The reply must consist of the complete listing, reproduced exactly, with no images included.

-- Data block follows --

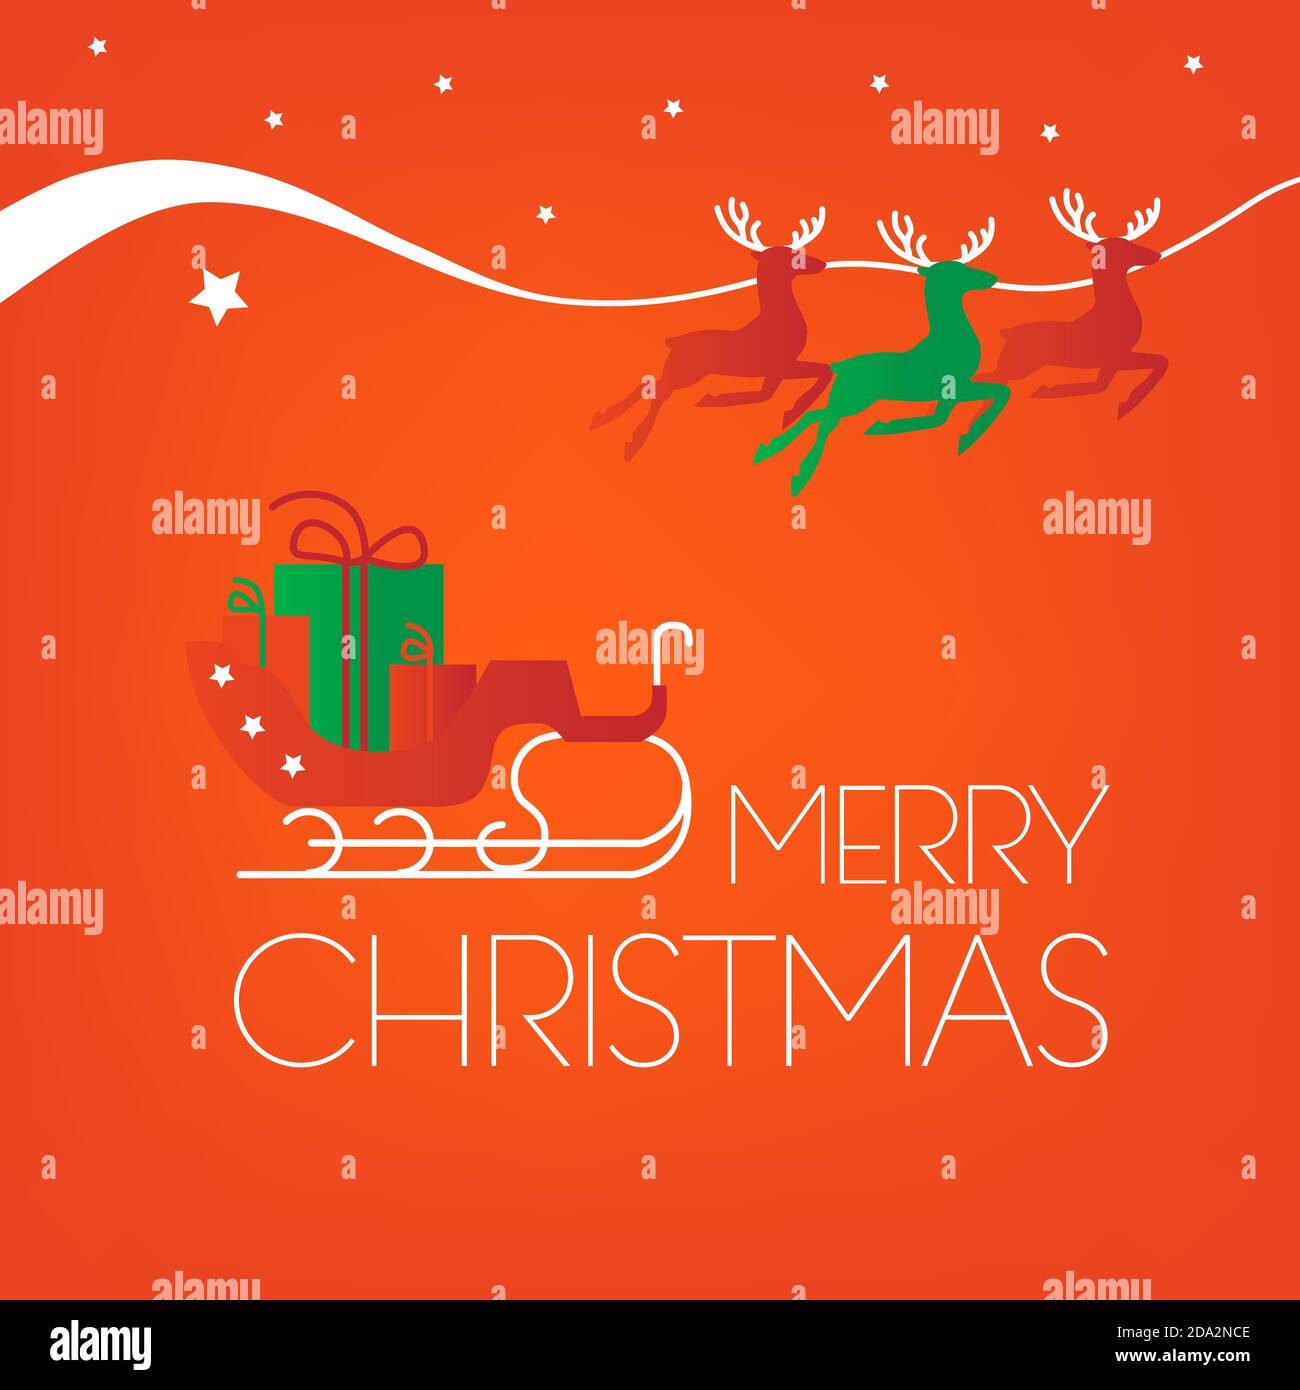 Santa Sleigh and Reindeer, Merry Christmas text on square red background, vector illustration Stock Vector
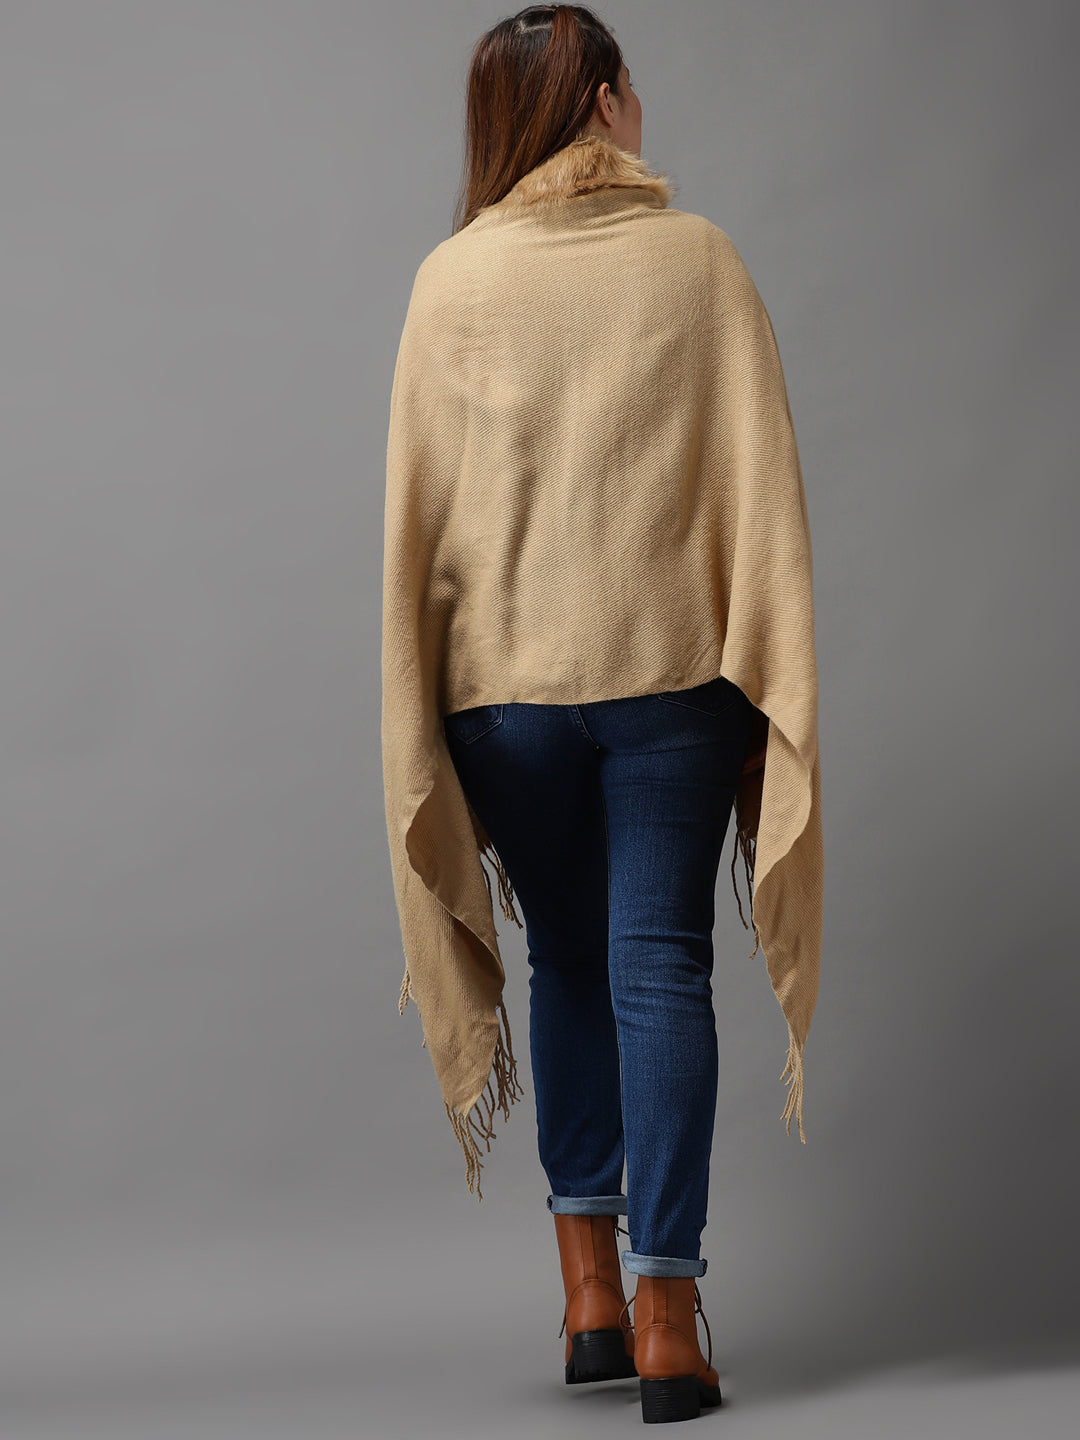 Women's Brown Solid Poncho Sweater
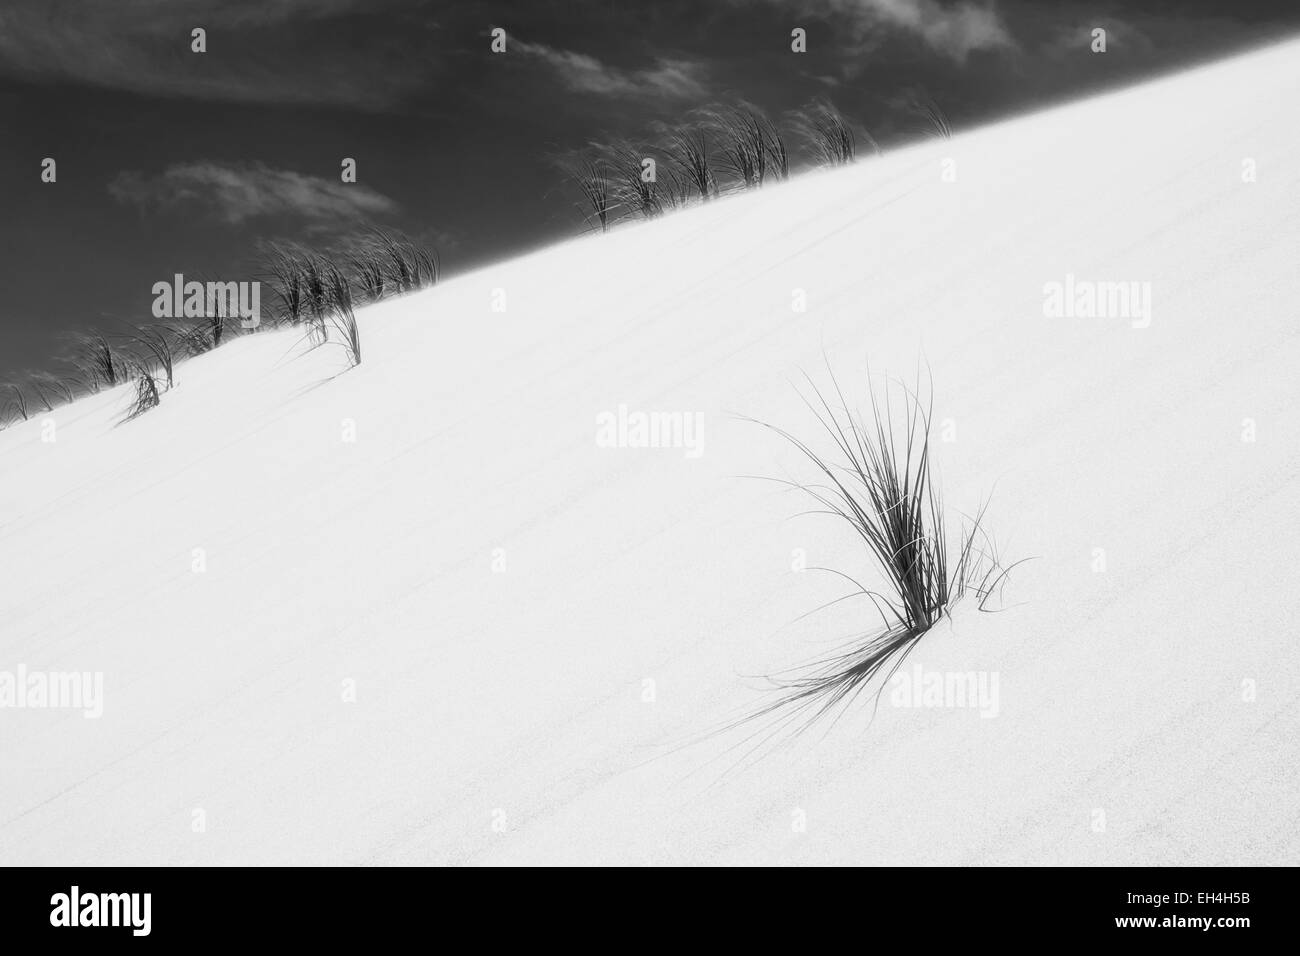 90 mile beach and grass on dunes in Northland, New Zealand. Colour version EH4H50 Stock Photo

-- Data block concluded --

● **Solution**
 Santa Sleigh and Reindeer, Merry Christmas text on square red background, vector illustration Stock Vector
 Women's Brown Solid Poncho Sweater
 90 mile beach and grass on dunes in Northland, New Zealand. Colour version EH4H50 Stock Photo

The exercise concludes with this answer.